_Directions for this task_
Omit the pictures and reproduce the rest of the listing exactly.

::::::::::

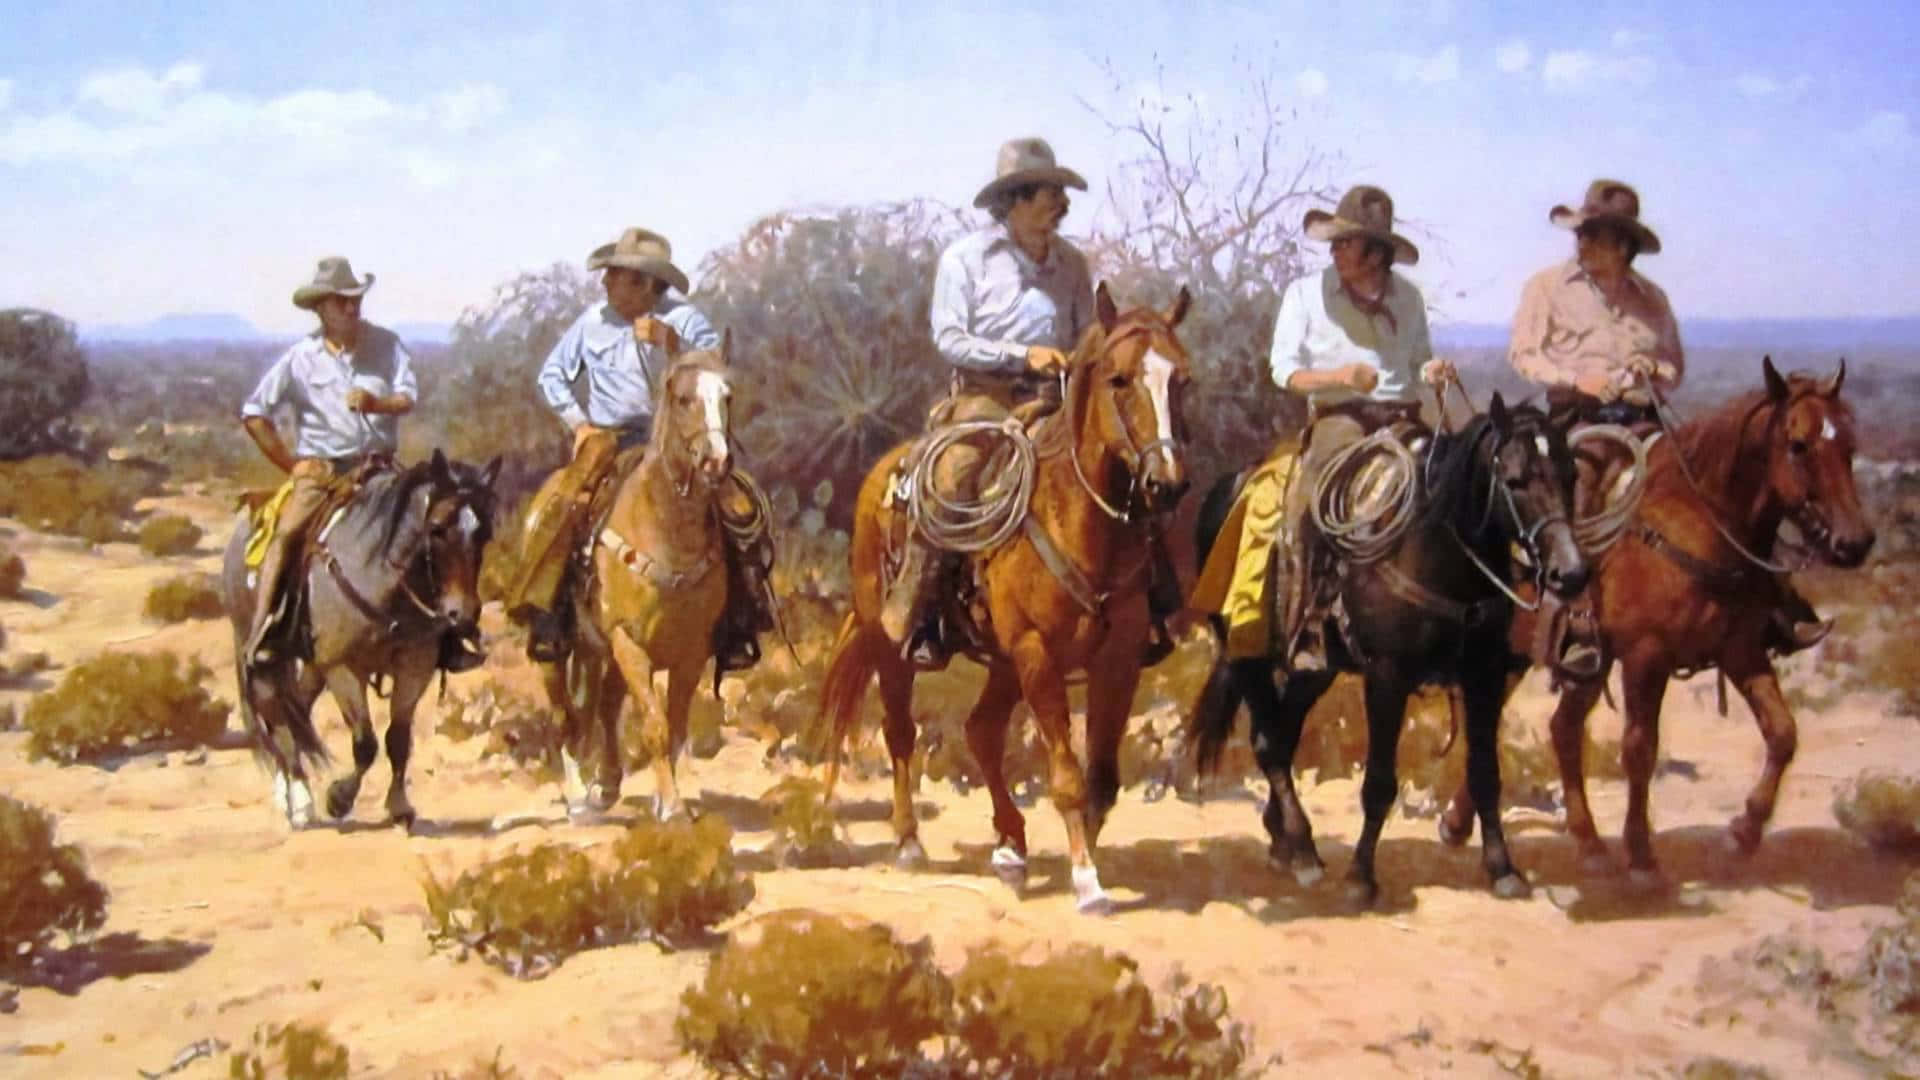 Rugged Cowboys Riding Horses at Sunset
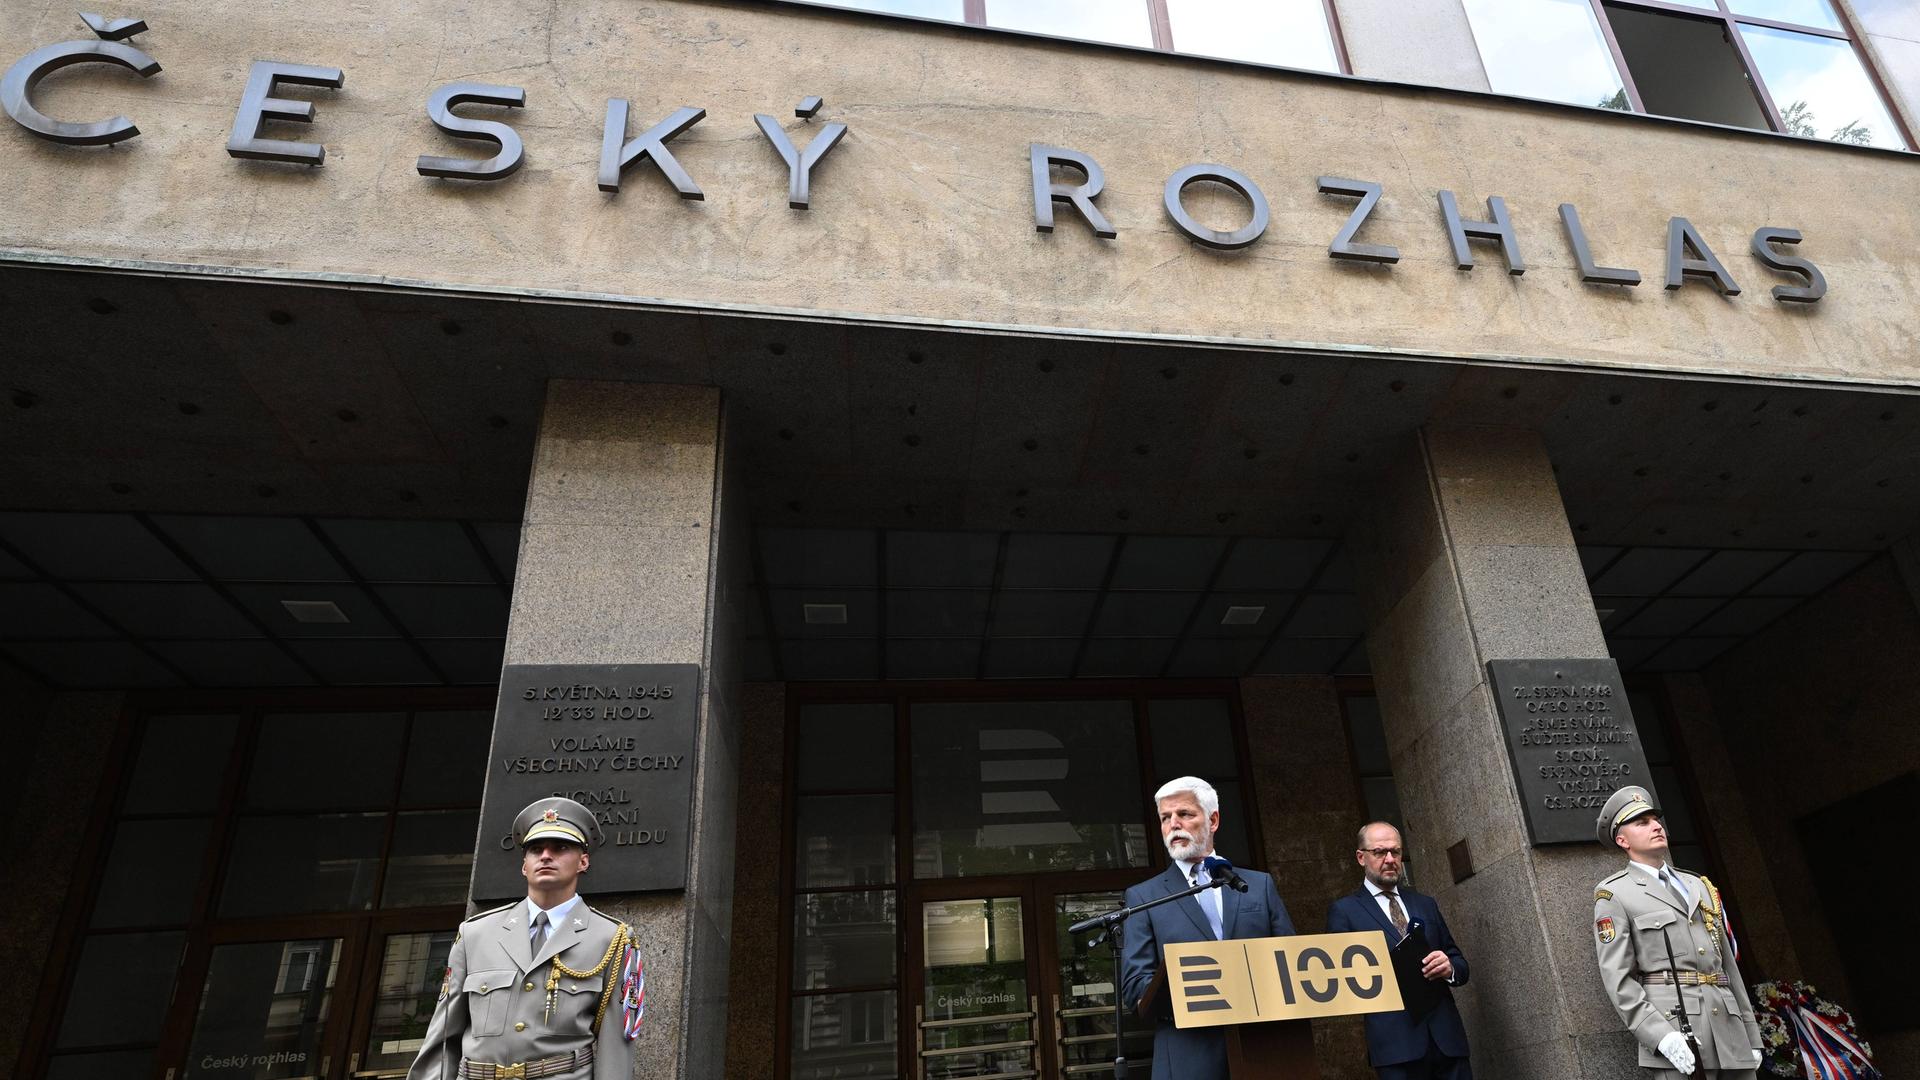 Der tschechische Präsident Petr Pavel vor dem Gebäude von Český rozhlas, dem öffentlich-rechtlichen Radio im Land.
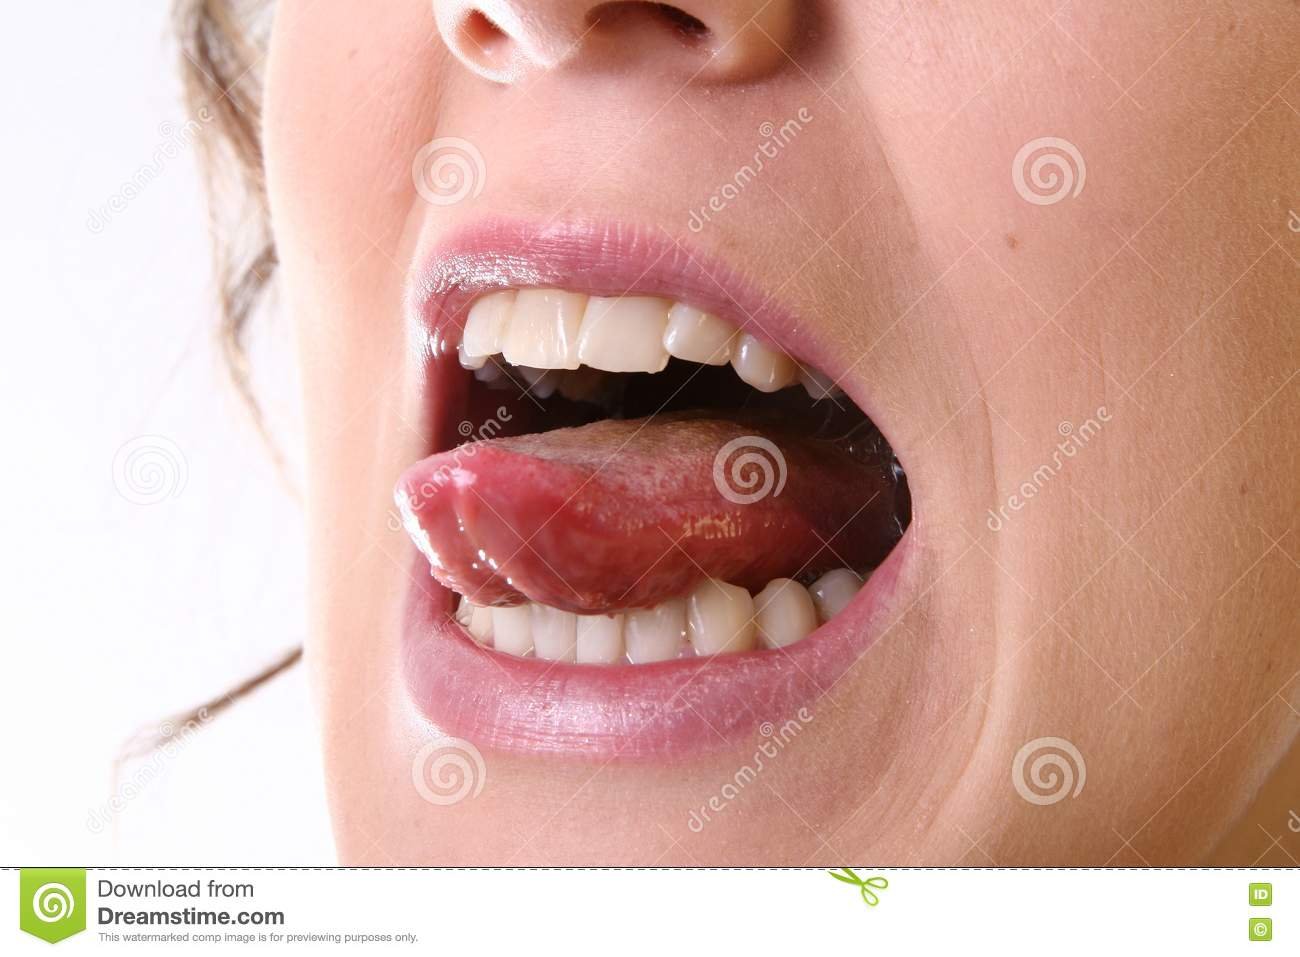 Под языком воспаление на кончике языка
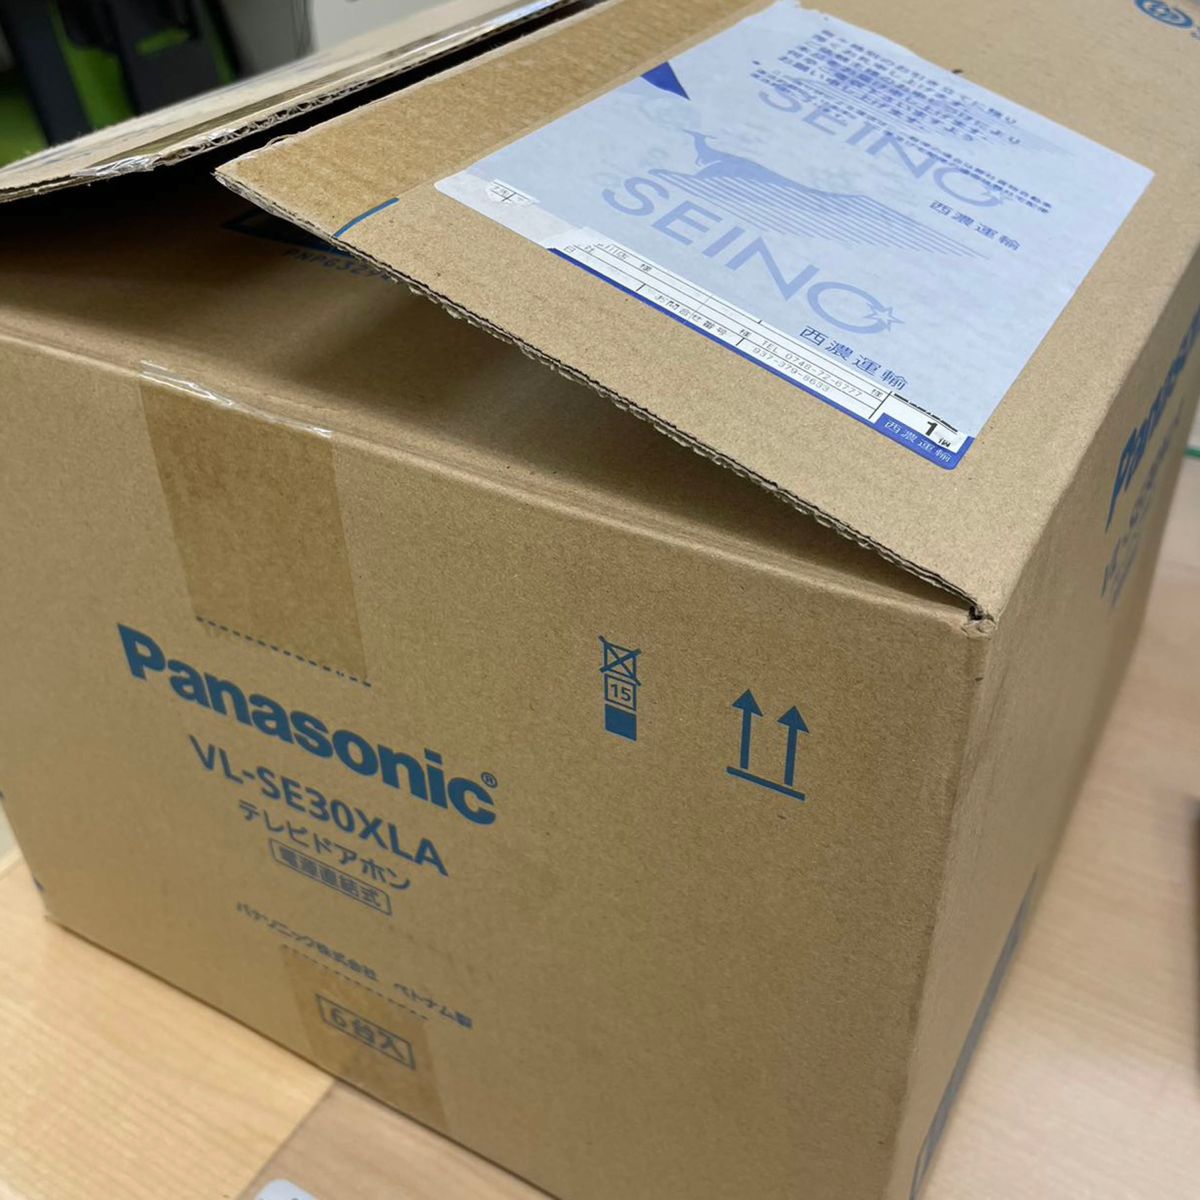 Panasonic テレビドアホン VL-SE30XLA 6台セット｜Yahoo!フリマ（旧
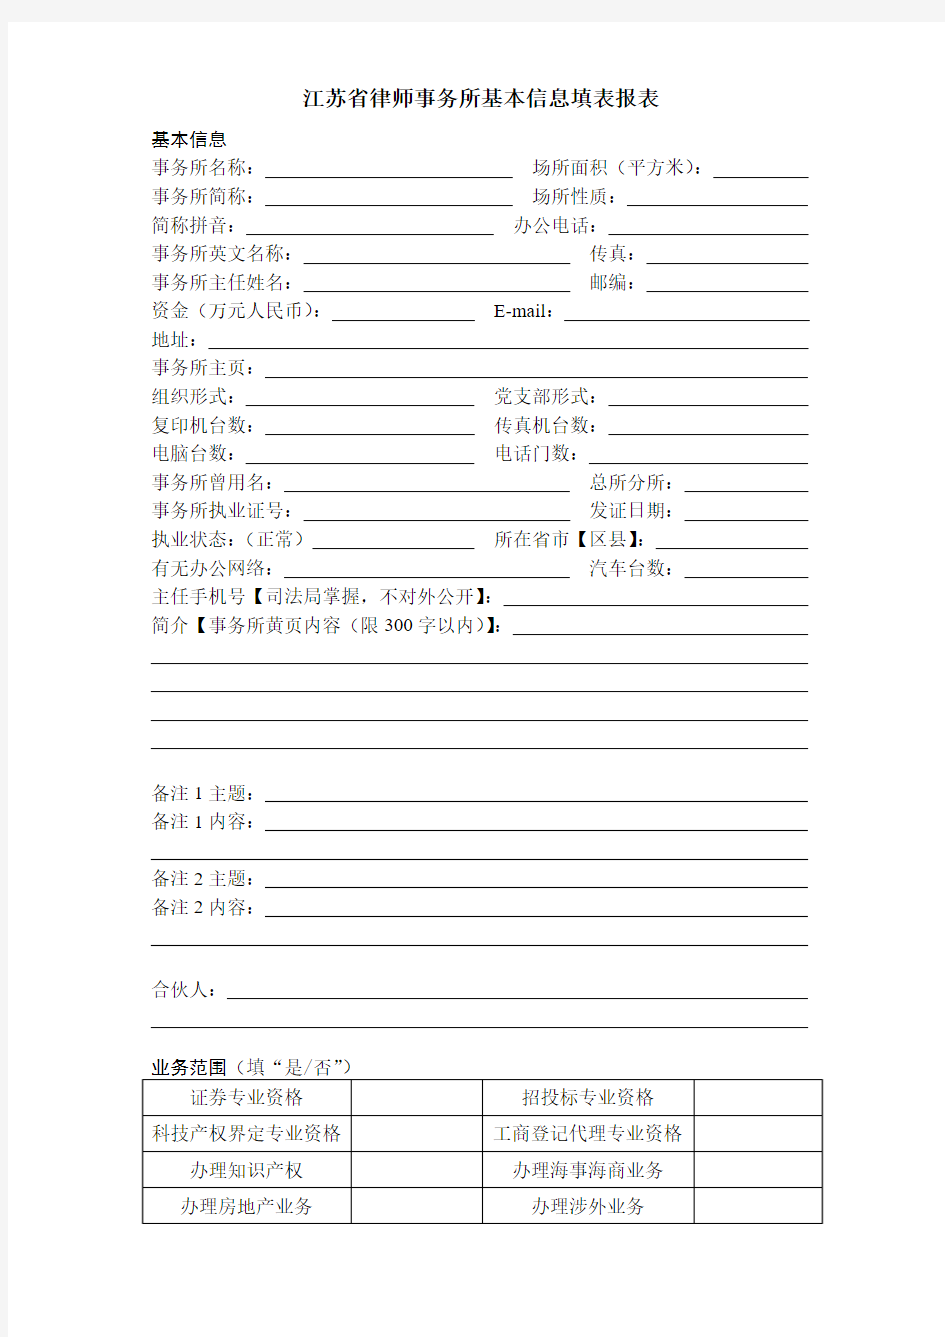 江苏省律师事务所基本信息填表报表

::::::::::

_Answer space_
 Rugged Cowboys Riding Horses at Sunset
 Der tschechische Präsident Petr Pavel vor dem Gebäude von Český rozhlas, dem öffentlich-rechtlichen Radio im Land.
 Под языком воспаление на кончике языка
 Panasonic テレビドアホン VL-SE30XLA 6台セット｜Yahoo!フリマ（旧
 江苏省律师事务所基本信息填表报表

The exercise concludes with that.